Let’s examine the structure and summary statistics of our variables of interest:

# Get summary statistics for diameter and mass
peanut_df %>% 
  select(diameter, mass) %>%
  skim() %>%
  select(-complete_rate, -n_missing)
Data summary
Name Piped data
Number of rows 153
Number of columns 2
_______________________
Column type frequency:
numeric 2
________________________
Group variables None

Variable type: numeric

skim_variable mean sd p0 p25 p50 p75 p100 hist
diameter 14.77 0.98 12.45 14.13 14.69 15.47 17.88 ▂▇▇▃▁
mass 2.60 0.34 1.93 2.36 2.58 2.81 3.62 ▃▇▆▃▁

Exploratory Visualization

Scatter Plot with Correlation Ellipse

# Create scatter plot with correlation ellipse
correlation_plot <- peanut_df %>%
  ggplot(aes(x = diameter, y = mass)) +
  geom_point(alpha = 0.6, size = 2, color = "steelblue") +
  stat_ellipse(color = "red", linewidth = 1.2) +
  labs(
    title = "Relationship Between M&M Diameter and Mass",
    x = "Diameter (mm)",
    y = "Mass (grams)"
  ) +
  theme_minimal() +
  theme(
    plot.title = element_text(hjust = 0.5, face = "bold")
  )

correlation_plot

Interpreting Scatter Plots with Ellipses

The correlation ellipse shows the general pattern of the relationship:

  • Narrow ellipse: Strong correlation
  • Wide ellipse: Weak correlation
  • Positive slope: Positive correlation
  • Negative slope: Negative correlation

Correlation Analysis Assumptions

Before conducting correlation analysis, we must verify that our data meets the required assumptions:

Assumptions of Pearson Correlation

  1. Linearity: The relationship between variables is linear
  2. Bivariate normality: Both variables are normally distributed
  3. Independence: Observations are independent of each other
Independence Assumption

Independence is primarily a design issue. We assume that each M&M was measured independently and that the diameter of one M&M does not influence another.

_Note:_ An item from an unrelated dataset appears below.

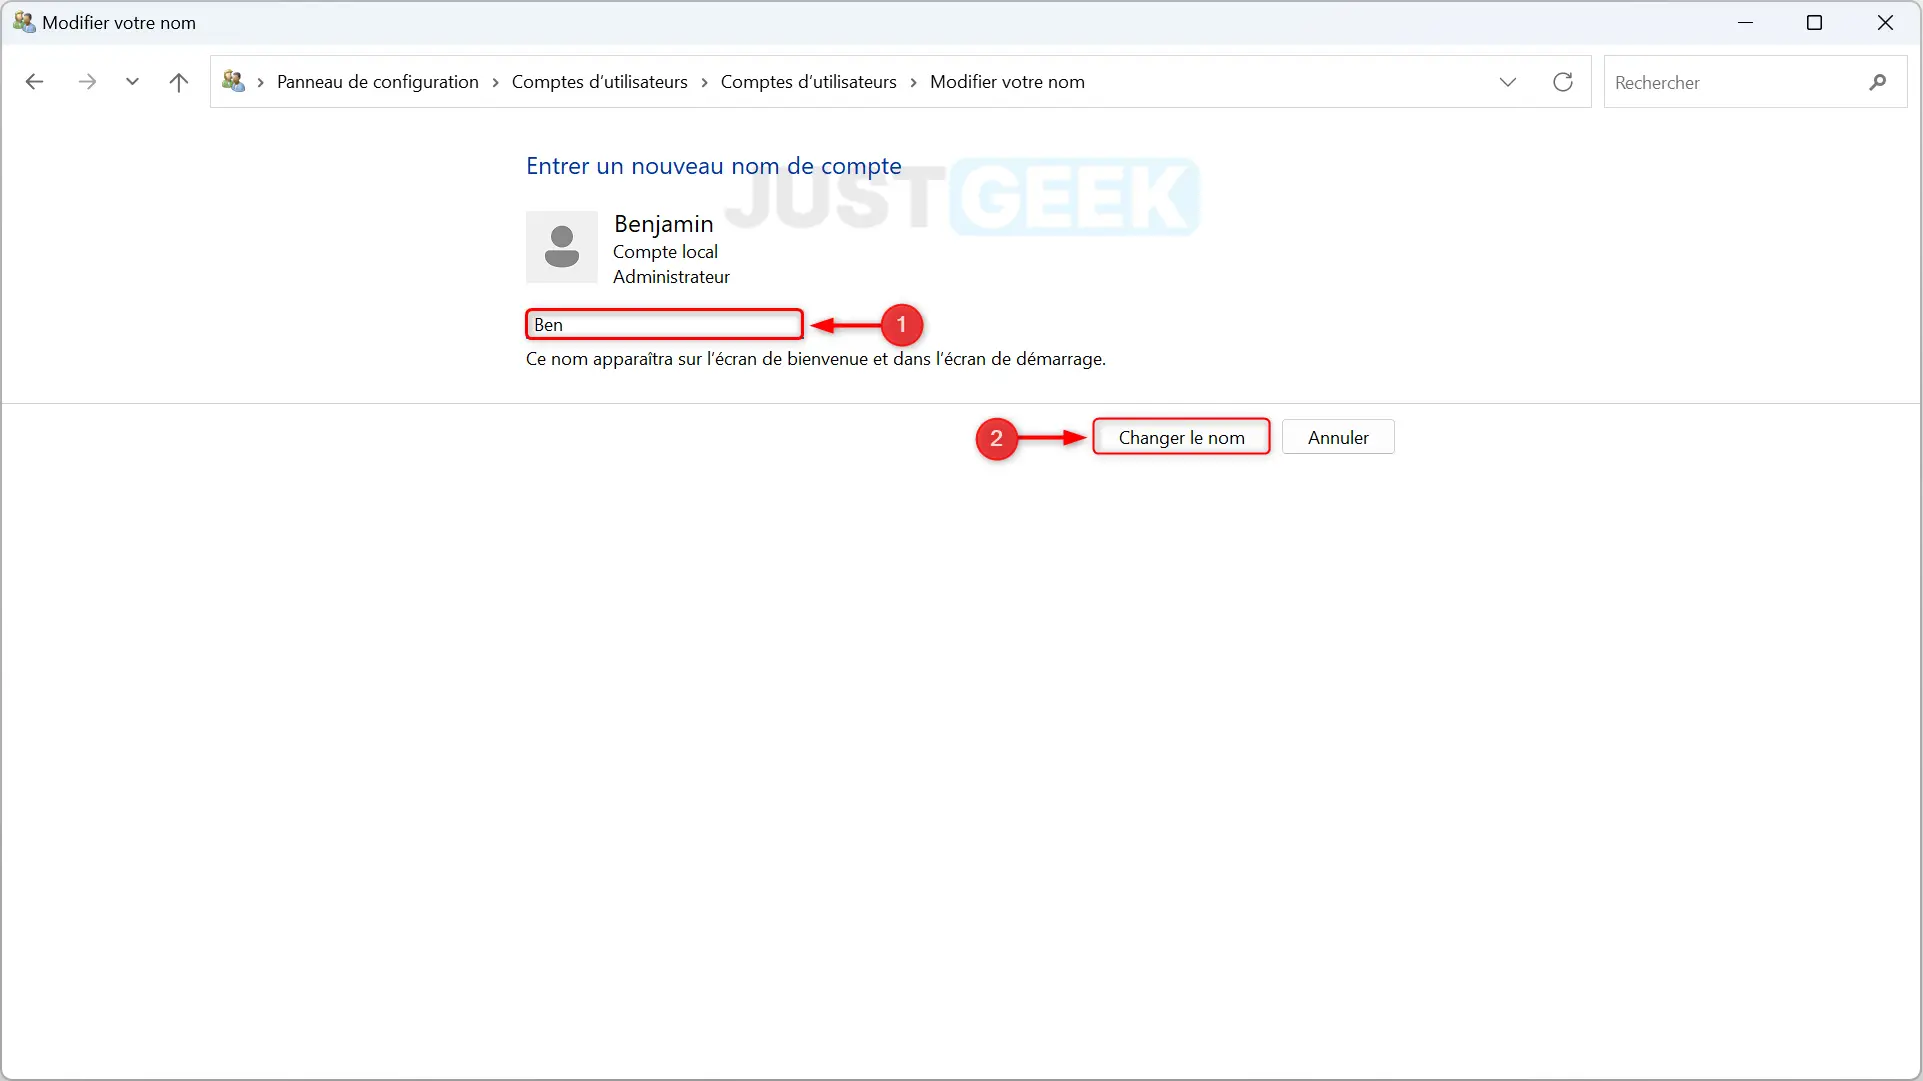 Capture d'écran montrant le champ où saisir le nouveau nom de compte utilisateur et le bouton 'Changer le nom' dans Windows 11.

Testing Normality Assumptions

Visual Assessment with Q-Q Plots

# Create Q-Q plots for both variables
par(mfrow = c(1, 2))

# Q-Q plot for diameter
qqnorm(peanut_df$diameter, main = "Q-Q Plot: Diameter")
qqline(peanut_df$diameter)

# Q-Q plot for mass
qqnorm(peanut_df$mass, main = "Q-Q Plot: Mass")
qqline(peanut_df$mass)

Formal Tests for Normality

# Shapiro-Wilk test for diameter
shapiro.test(peanut_df$diameter)

    Shapiro-Wilk normality test

data:  peanut_df$diameter
W = 0.99025, p-value = 0.3725
# Shapiro-Wilk test for mass
shapiro.test(peanut_df$mass)

    Shapiro-Wilk normality test

data:  peanut_df$mass
W = 0.9844, p-value = 0.08203
Interpreting Normality Tests

Q-Q Plots: Points should follow the diagonal line closely

Shapiro-Wilk Test: - Null hypothesis: Data are normally distributed - p > 0.05: Fail to reject null hypothesis (data appear normal) - p ≤ 0.05: Reject null hypothesis (data not normal)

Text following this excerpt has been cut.